But a blog post published Wednesday by civil rights group Muslim Advocates claims Facebook has a long history of ignoring similar warnings about anti-Muslim groups.
Facebook did not respond to a request for comment on this story.
Since 2015, Muslim Advocates said it has alerted Facebook and its top executives 10 times to "militias, white nationalists and other hate groups" using the social media network "to direct harassment and violence at vulnerable communities."
Facebook, however, was either slow or did nothing to adjust its policies or take action to protect Muslim users, according to the post.
"For more than five years, Muslim Advocates has gone to Facebook and warned that the platform's event pages were being weaponized by militias, white nationalists and hate groups to threaten American Muslims. And for more than five years Facebook has failed to stop this because the victims were Muslim," Muslim Advocates' public advocacy director Scott Simpson said in the post.
The timeline lists several events organized on Facebook, including: an armed anti-Muslim rally in 2015 at a mosque in Phoenix; 20 more armed rallies targeting mosques later that year, all planned by the same organizer; more armed rallies in 2017 across at least 20 cities, organized by one of the country's largest anti-Muslim hate groups; and a 2019 protest of a major Muslim convention organized by a Texas militia whose members had previously plotted attacks against specific American Muslims and law enforcement officers.
Muslim Advocates said they met in person with Facebook CEO Mark Zuckerberg, policy head Monica Bickert, and on multiple occasions with COO Sheryl Sandberg, in addition to other company leadership.
According to the post, they asked Facebook executives at various points to adjust its policies governing event pages, hate speech, and violent groups to prevent Muslims from being targeted or endangered.
"Facebook did nothing" in nearly every instance, the group said. In the one case where it took action — the 2019 protest in Texas — Facebook waited more than 25 hours to remove the event page.
The pattern of inaction and delayed response alleged by Muslim Advocates reflects Facebook's recent struggles to keep violent militia and hate groups off its platform since it implemented a ban on such groups last month.
Even after being warned by users 455 times about a militia group issuing a "call to arms" in Kenosha, Wisconsin, where Kyle Rittenhouse is accused of fatally shooting two protesters just hours later, Facebook allowed the page to stay up, according to BuzzFeed News (the company said Rittenhouse was not affiliated with the groups).

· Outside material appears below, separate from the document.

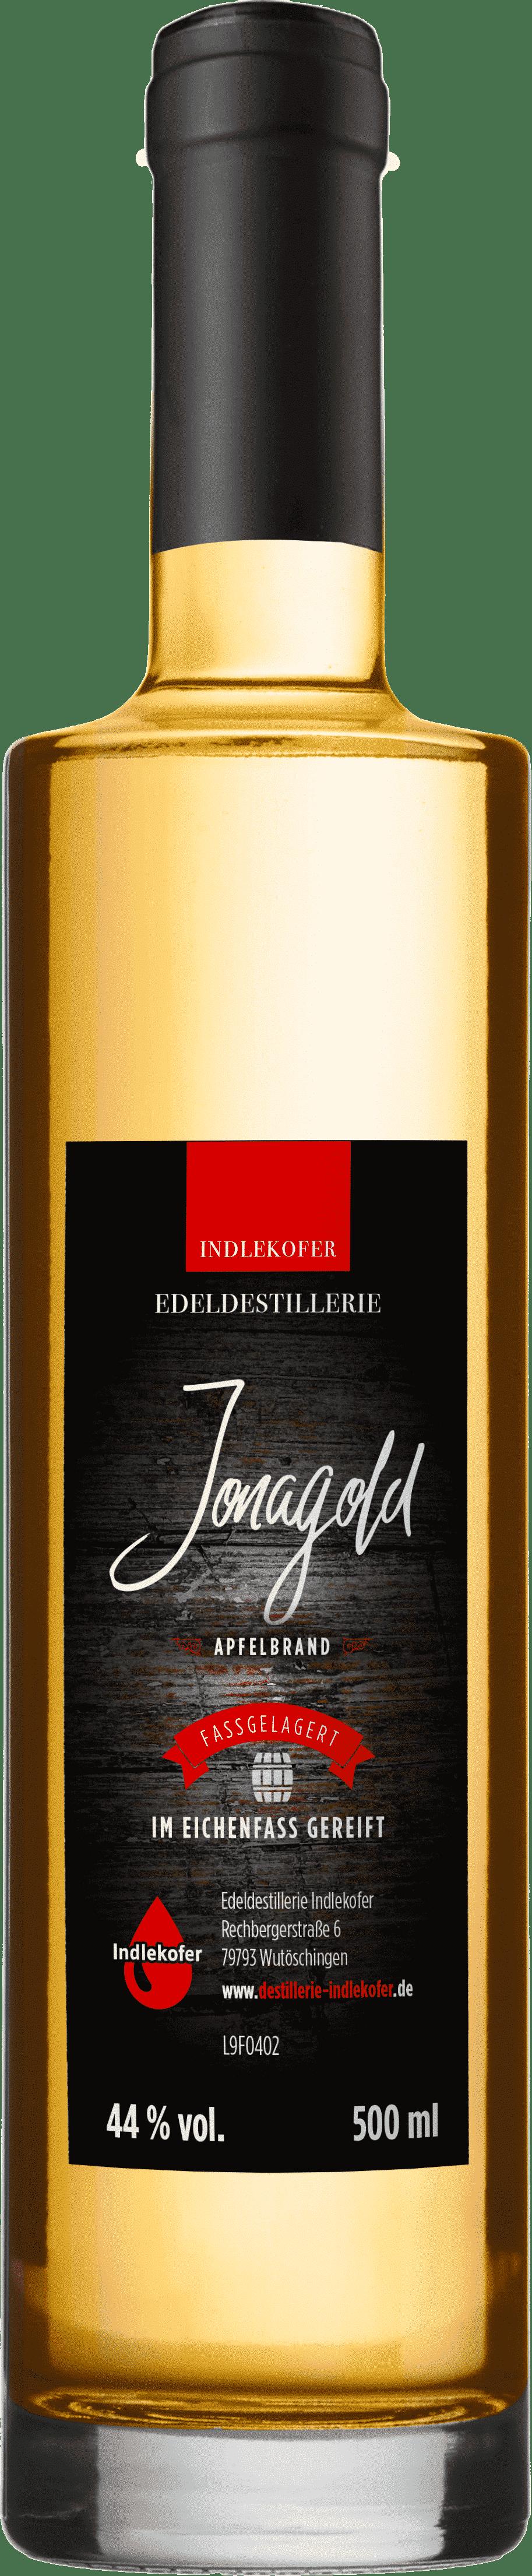 Jonagold Apfelbrand im Eichenfass gereift von Edeldestillerie Indlekofer

Civil rights groups have repeatedly called on Facebook to take stronger action against hate speech and incitements to violence from hate groups and militias, including in a first-ever independent civil rights audit of the company, while other groups organized a massive advertiser boycott earlier this summer. Zuckerberg, however, has been largely resistant to those calls, repeatedly focusing on what he views as an obligation to protect free speech on the platform.